A Machine Learning Approach Using PET/CT-based Radiomics for Prediction of PD-L1 Expression in Non-small Cell Lung Cancer.

BACKGROUND/AIM: We explored the prediction of programmed cell death ligand 1 (PD-L1) expression level in non-small cell lung cancer using a machine learning approach with positron emission tomography/computed tomography (PET/CT)-based radiomics.

PATIENTS AND METHODS

A total of 312 patients (189 adenocarcinomas, 123 squamous cell carcinomas) who underwent F-18 fluorodeoxyglucose PET/CT were retrospectively analysed. Imaging biomarkers with 46 CT and 48 PET radiomic features were extracted from segmented tumours on PET and CT images using the LIFEx package.

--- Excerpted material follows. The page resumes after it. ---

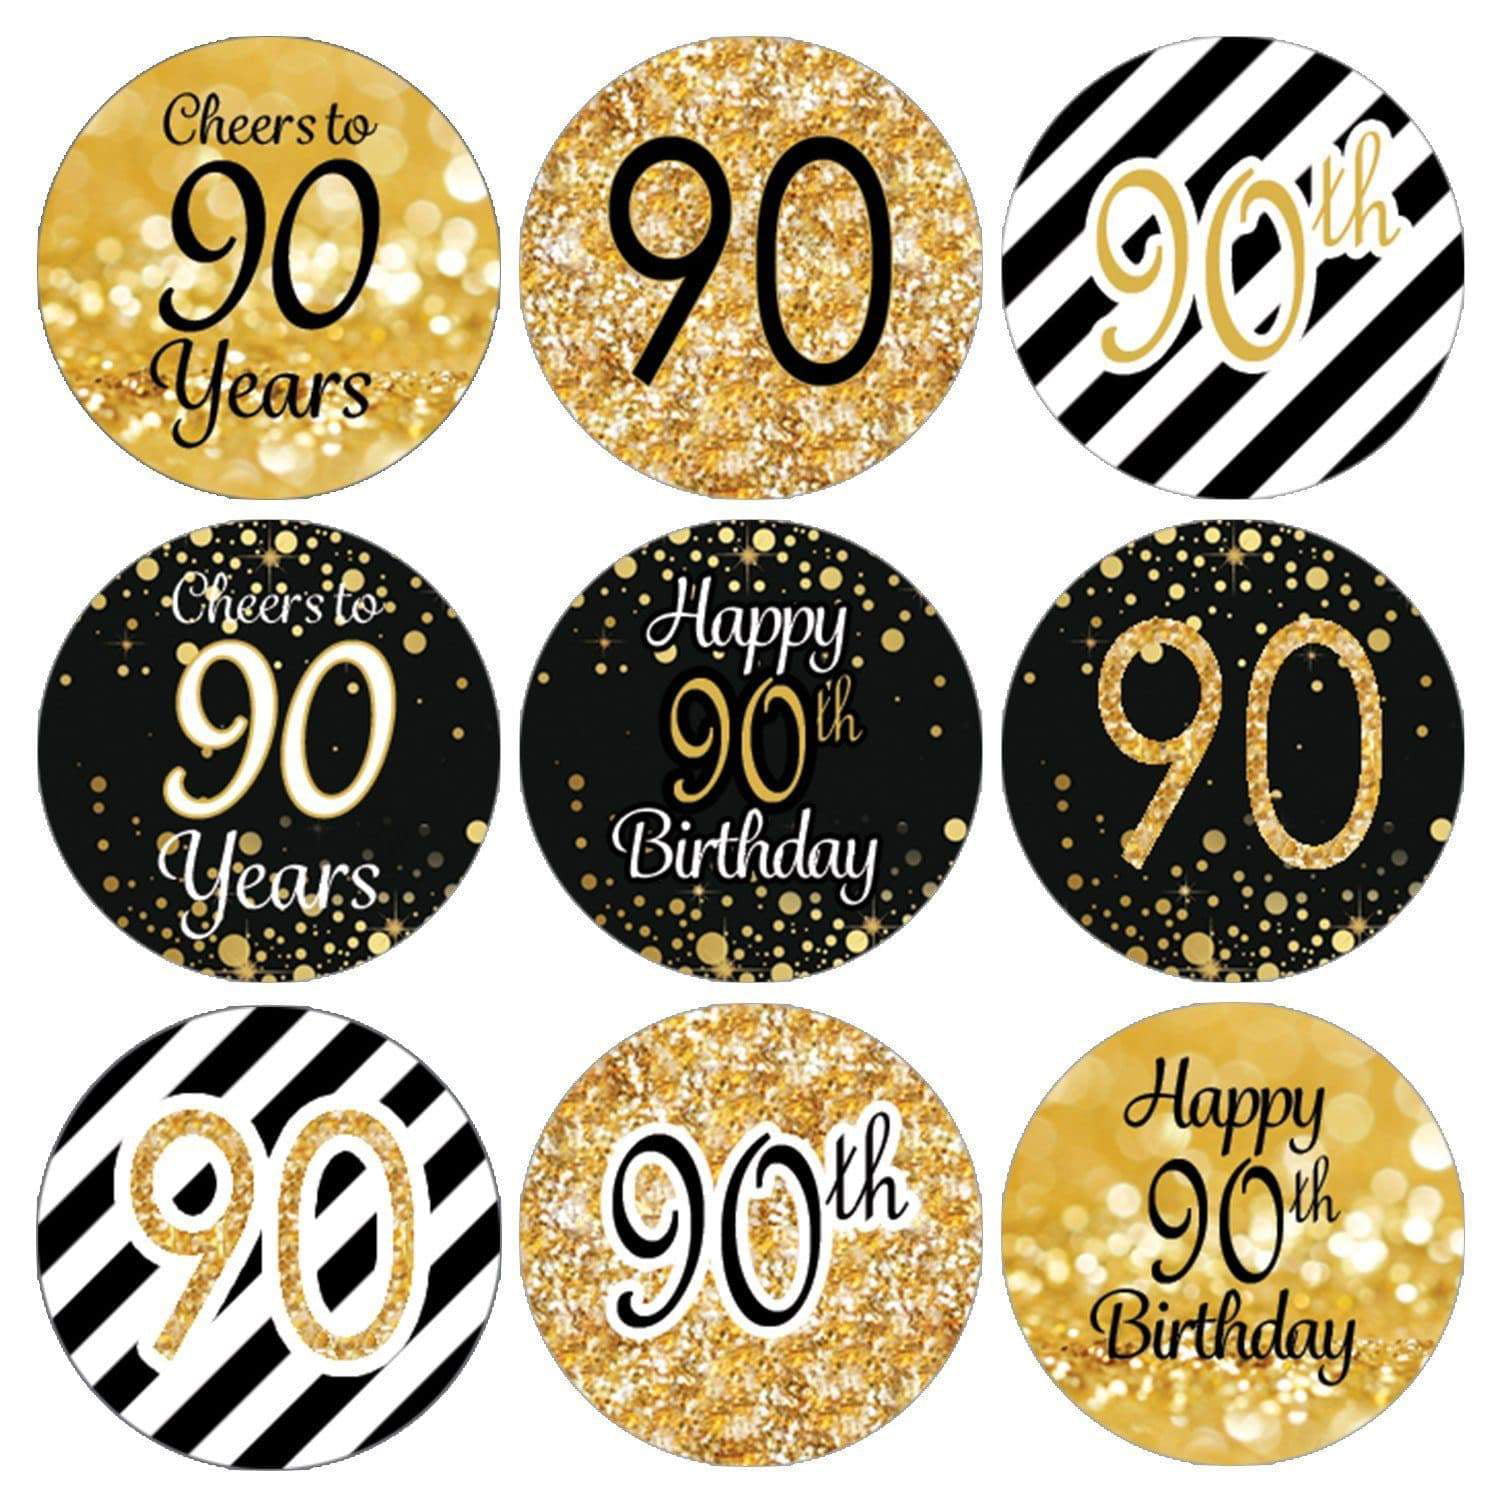 Happy 90th Birthday Sign Hello ninety sign Hello 90 Gold glitter confetti Birthday Party ideas Decorations 90th Anniversary Sign

Radiomic features were ranked, and the top five best feature subsets were selected using the Gini index based on associations with PD-L1 expression in at least 50% of tumour cells. The areas under the receiver operating characteristic curves (AUCs) of binary classifications afforded by several machine learning algorithms (random forest, neural network, Naïve Bayes, logistic regression, adaptive boosting, stochastic gradient descent, support vector machine) were compared. The model performances were tested by 10-fold cross validation.

RESULTS

We developed and validated a PET/CT-based radiomic model predicting PD-L1 expression levels in lung cancer. Long run high grey-level emphasis, homogeneity, mean Hounsfield unit, long run emphasis from CT, and maximum standardised uptake value from PET were the five best feature subsets for positive PD-L1 expression. The Naïve Bayes model (AUC=0.712), with a sensitivity of 75.3% and specificity of 58.2%, outperformed all other classifiers. It was followed by the neural network model (AUC=0.711), random forest (AUC=0.700), logistic regression (AUC=0.673) and adaptive boosting (AUC=0.604).

CONCLUSION

PET/CT-based radiomic features may help clinicians identify tumours with positive PD-L1 expression in a non-invasive manner using machine learning algorithms.